Think of each premise as a coin flip. In order to find out the probability of flipping heads three times in a row, you have to multiply the probability of each coin flip since the next coin flip depends on the previous coin flip. The probability of flipping heads three times in a row is 50% * 50% * 50% = 12.5%. The same logic happens with the argument above. If 90% of all major cities in antiquity had public libraries, and we have 90% confidence that Jerusalem was a major city, this means there is an 81% probability that Jerusalem had a public library.
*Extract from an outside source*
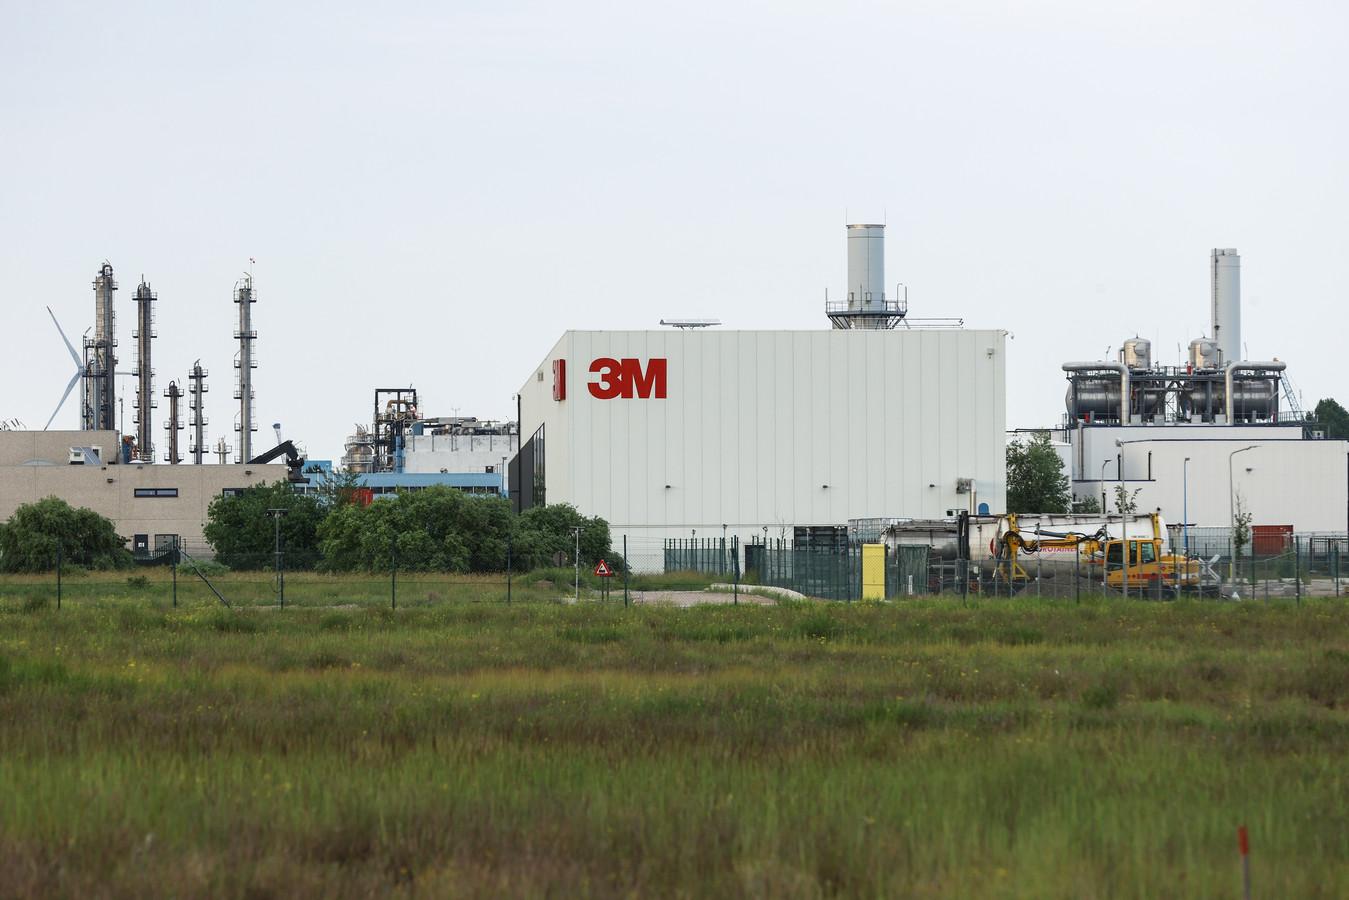 De 3M-fabriek in Zwijndrecht, bron van het PFOS-probleem in Zwijndrecht en in een perimeter van 15 kilometer daarrond.

The same logic happens when using criteriology:
P1: The criterion of embarrassment says that people don’t invent things that are embarrassing
P2: The baptism of Jesus was embarrassing
C: Therefore, Jesus was baptized.
The conclusion is only as strong as the premises, yet the premises aren’t 100% certain. The only fact that we have here is that Mark wrote a story about Jesus being baptized. What is the probability that people in antiquity didn’t invent things that were embarrassing? What is the probability that the baptism of Jesus was embarrassing to Mark? If we have 75% confidence in both of those premises, this means that our conclusion is only 56% likely. Even though we have a reasonable amount of confidence in both premises, a conclusion that is only 56% likely isn’t that strong. Unfortunatley, NT historians have confused conclusions derived from criteriology with facts, when criteriology could only produce hard facts if they were 100% reliable.
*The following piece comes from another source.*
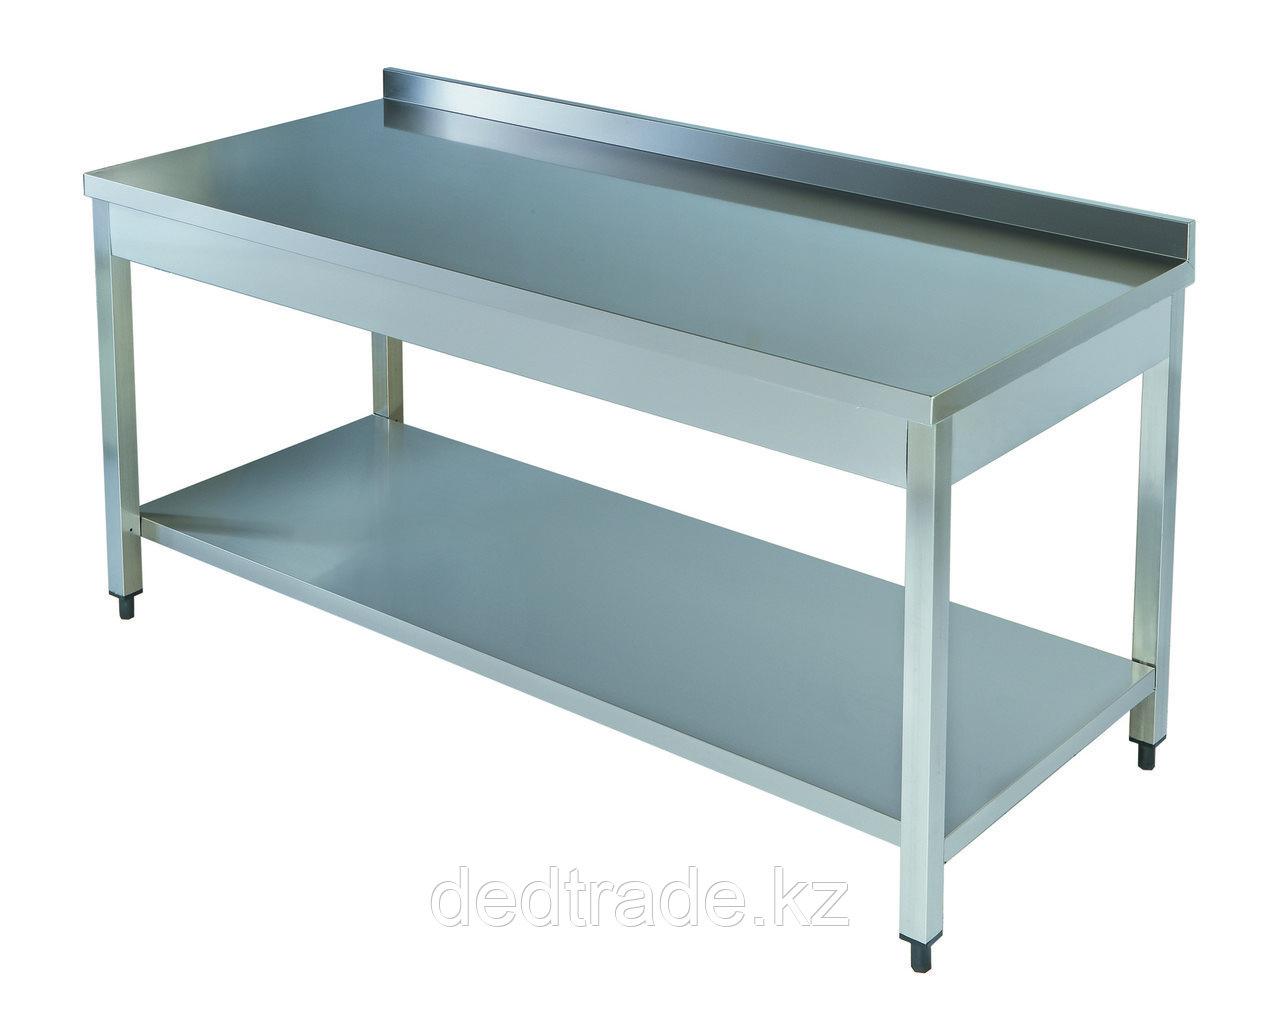 Рабочий стол с полкой нержавеющая сталь Размеры 1200*700*850 мм

Bayes’ theorem would be a way of adding to the probability strength of premises or conclusions, like finding a document in antiquity that attested to a public library being in Jerusalem. The document itself could be genuine or forged, so how much it increases or decreases the probability of Jerusalem having a library depends on the confidence we place on the document.
What Richard done has only achieved exactly what standard probabilistic analysis has done all along.
Its not as if one branch of stats and prob despises another..its just different ways..by probabilities or by experiment.
I would find it far more amusing that pieces of literature are analysed probabilistically (which would be a great outcome for Carrier and Ehrman) and extensively published as a adjunct to current dubious theological interpretations of “imported” sciences and pseudo sciences.
I am not at all sure that statements of the time are true or false and some subsequently propagated. It just they have that appearance.
In that may I add to our fellow J. Quinton, a probabilistic scenario of a genuine or forged document from a particular period BUT not before would be far easier to glean from statements around and following that period. This may be difficult to achieve, but its no where near as difficult to support as the assumptions we currently have
I’m not interested on how people interpret desires. Bayesian disproving the existence of a deity is about as relevant as evidential is no more and yet no less thorough than pointing out the ridiculous “disproving a negative” catch cry…
Normally all you can say to such catch cry is..”you have swapped your hypothesis”. All Bayesian probability says, geez, if you think this, you have badly weighted your conditional probabilities.
If anything, Carrier has been promoting what is as plain as the earth spinning in an easterly direction from where you stand from conservatism’s position of, the sun rises every day..
Its a sad reflection in this modern scientific world that Richard has to point these things out.